That query seems to be a bit mangled.  At one time, it only found row-level
locks.  Someone changed that, but didn't remove the comment "these only
find row-level locks, not object-level locks"

Also, the "WHERE NOT blocked_locks.GRANTED" should perhaps be:

WHERE NOT blocked_locks.GRANTED and blocking_locks.GRANTED;

As it is, every waiting query reports that it is waiting on all of its
fellow victims as well as the thing(s) actually blocking it. But my WHERE
clause is not really correct either, as it is possible that it is one
blocked thing is being blocked by a different blocked thing which is ahead
of it in the queue, when without that intervening blocked requestor it
could be immediately granted if its request mode is compatible with the
held mode(s).  I don't think there is a query that can reveal what is most
immediately blocking it.

But, I don't see how this explains what you see.  An autovacuum without
"(to prevent wraparound)" should not block anything for much more than a
second (unless you changed deadlock_timeout) and should not be blocked by
anything either as it just gives up on the operation if the lock is not
immediately available.

Cheers,

Jeff


Re: [GENERAL] Autovacuum stuck for hours, blocking queries

2017-02-22 Thread Jeff Janes
On Mon, Feb 20, 2017 at 5:40 PM, Merlin Moncure  wrote:

>
>
> On Thursday, February 16, 2017, Tom Lane  wrote:
>
>> Tim Bellis  writes:
>> > Even though this is a read only query, is it also expected to be
>> blocked behind the vacuum? Is there a way of getting indexes for a table
>> which won't be blocked behind a vacuum?
>>
>> It's not the vacuum that's blocking your read-only queries.  It's the
>> ALTER TABLE, which needs an exclusive lock in order to alter the table's
>> schema.  The ALTER is queued waiting for the vacuum to finish, and lesser
>> lock requests queue up behind it.  We could let the non-exclusive lock
>> requests go ahead of the ALTER, but that would create a severe risk of the
>> ALTER *never* getting to run.
>>
>> I'd kill the ALTER and figure on trying again after the vacuum is done.
>>
>>
> I've been drilled by this and similar lock stacking issues enough times to
> make me near 100% sure deferring the ALTER would be the better choice
>
>
This seems like a rather one-sided observation.  How could you know how
often the unimplemented behavior also would have "drilled" you, since it is
unimplemented?

There was a proposal for a "LOCK TABLE...DEFERABLE" which would allow other
requestors jump the queue if they were compatible with the held lock.  If
that is implemented, then you would just manually lock the table deferably
before invoking the ALTER TABLE command, if that is the behavior you wanted
(but it wouldn't work for things that can't be run in transactions)

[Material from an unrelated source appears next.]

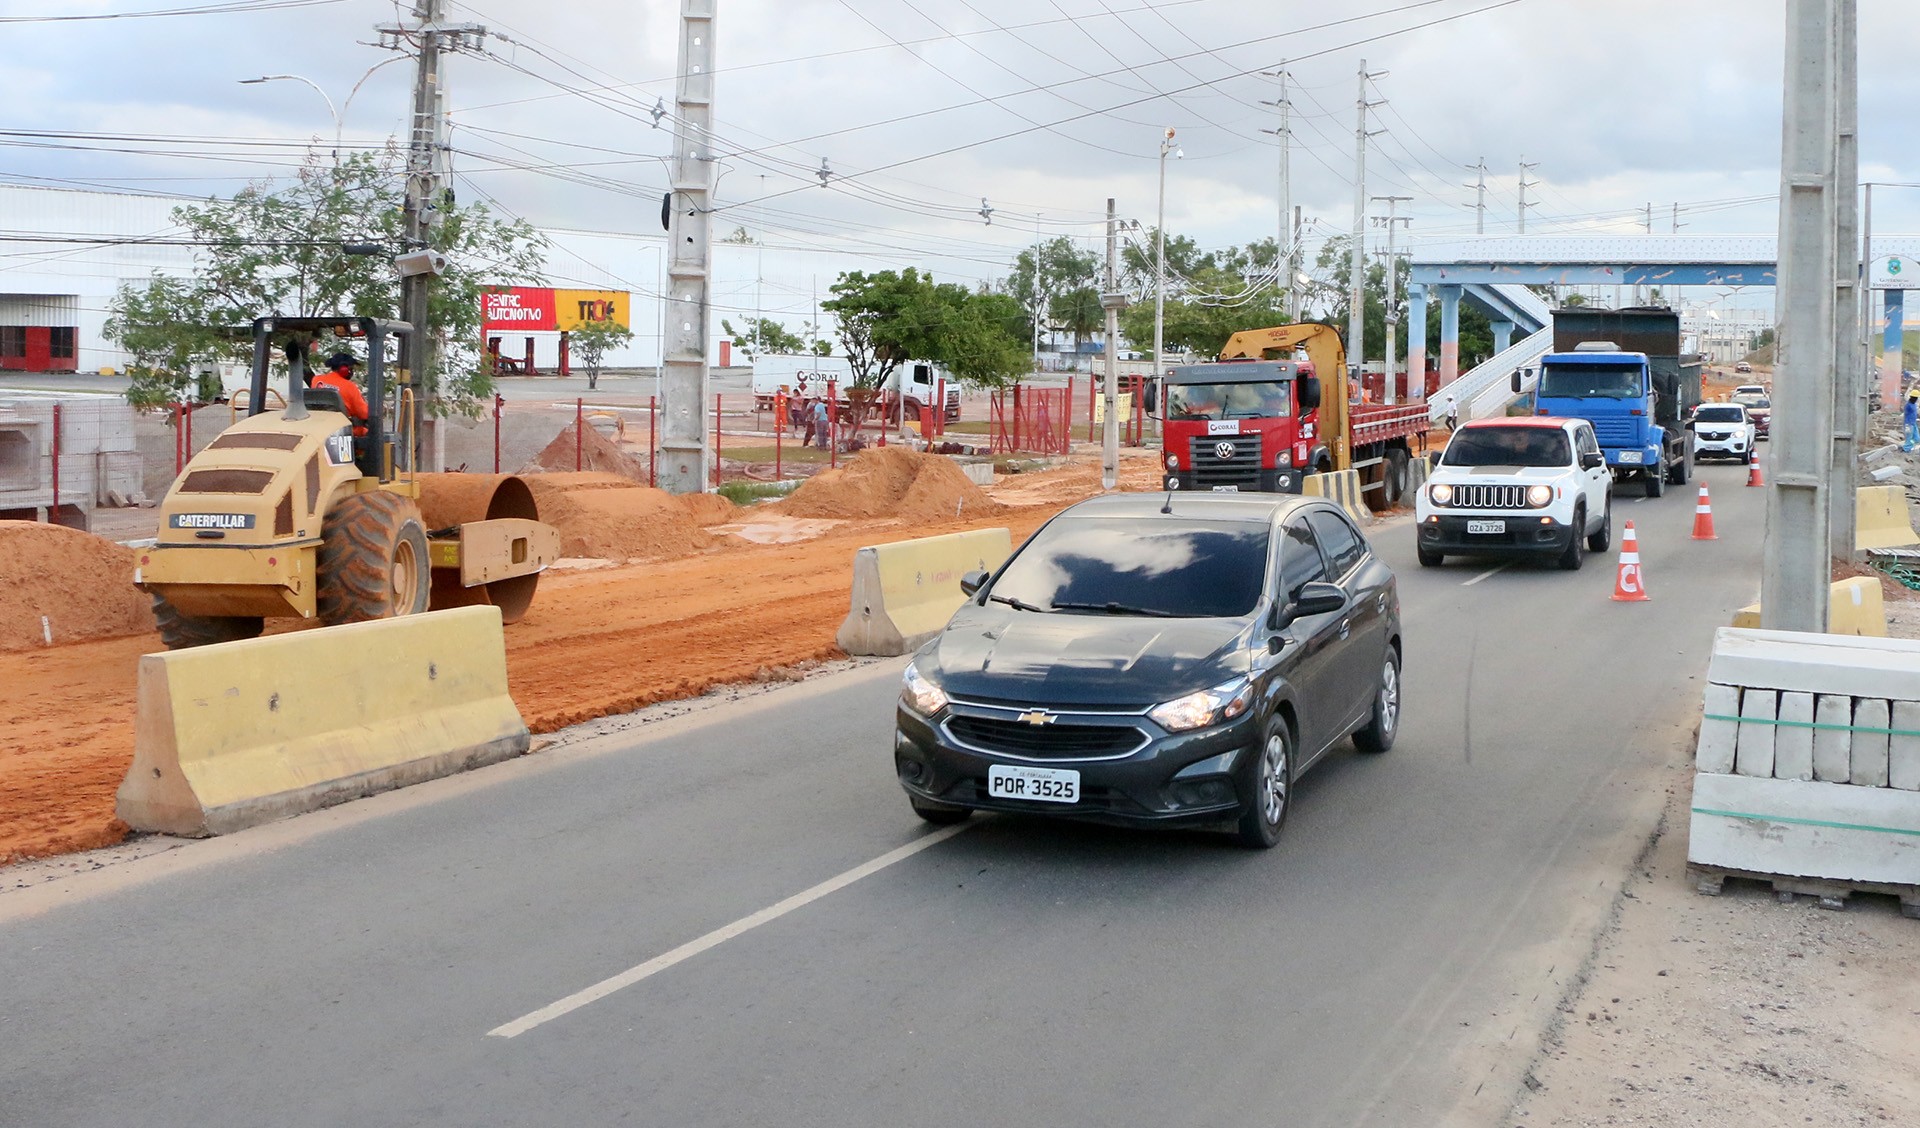 Fóruns Territoriais de Fortaleza - Fórun Territorial Aeroporto, Parreão e Vila União - Viaduto da Avenida Alberto Craveiro é bloqueado para viabilizar obras de duplicação e requalificação viária

Ideally each requestor would specify if they will hold the lock for a long
timer or a short time.  Them a short requestor which is blocked behind a
long requestor could let other compatible-with-held requests jump over it.
But once it was only blocked by short locks, it would reassert the normal
order, so it can't get permanently blocked by a constantly overlapping
stream of short locks.  But how would you get all lock requestors to
provide a reasonable estimate?

Cheers,

Jeff


Re: [GENERAL] Autovacuum stuck for hours, blocking queries

2017-02-21 Thread Tim Bellis


-Original Message-
From: Tom Lane [mailto:t...@sss.pgh.pa.us] 
Sent: 16 February 2017 22:40
To: Tim Bellis <tim.bel...@metaswitch.com>
Cc: Adrian Klaver <adrian.kla...@aklaver.com>; pgsql-general@postgresql.org; 
Alvaro Herrera <alvhe...@2ndquadrant.com>; Scott Marlowe 
<scott.marl...@gmail.com>
Subject: Re: [GENERAL] Autovacuum stuck for hours, blocking queries

Tim Bellis <tim.bel...@metaswitch.com> writes:
> > Even though this is a read only query, is it also expected to be blocked 
> > behind the vacuum? Is there a way of getting indexes for a table which 
> > won't be blocked behind a vacuum?

> It's not the vacuum that's blocking your read-only queries.  It's the ALTER 
> TABLE, which needs an exclusive lock in order to alter the table's schema.  
> The ALTER is queued waiting for the vacuum to finish, and lesser lock 
> requests queue up behind it.  We could let the non-exclusive lock requests go 
> ahead of the ALTER, but that would create a severe risk of the ALTER *never* 
> getting to run.

The lock monitoring query (https://wiki.postgresql.org/wiki/Lock_Monitoring) 
said that the blocking_pid and the current_statement_in_blocking_process for 
the queries reading the index data was the autovacuum, not the ALTER. Am I 
reading the output wrong? Does it not correctly represent the chain of locks?

> I'd kill the ALTER and figure on trying again after the vacuum is done.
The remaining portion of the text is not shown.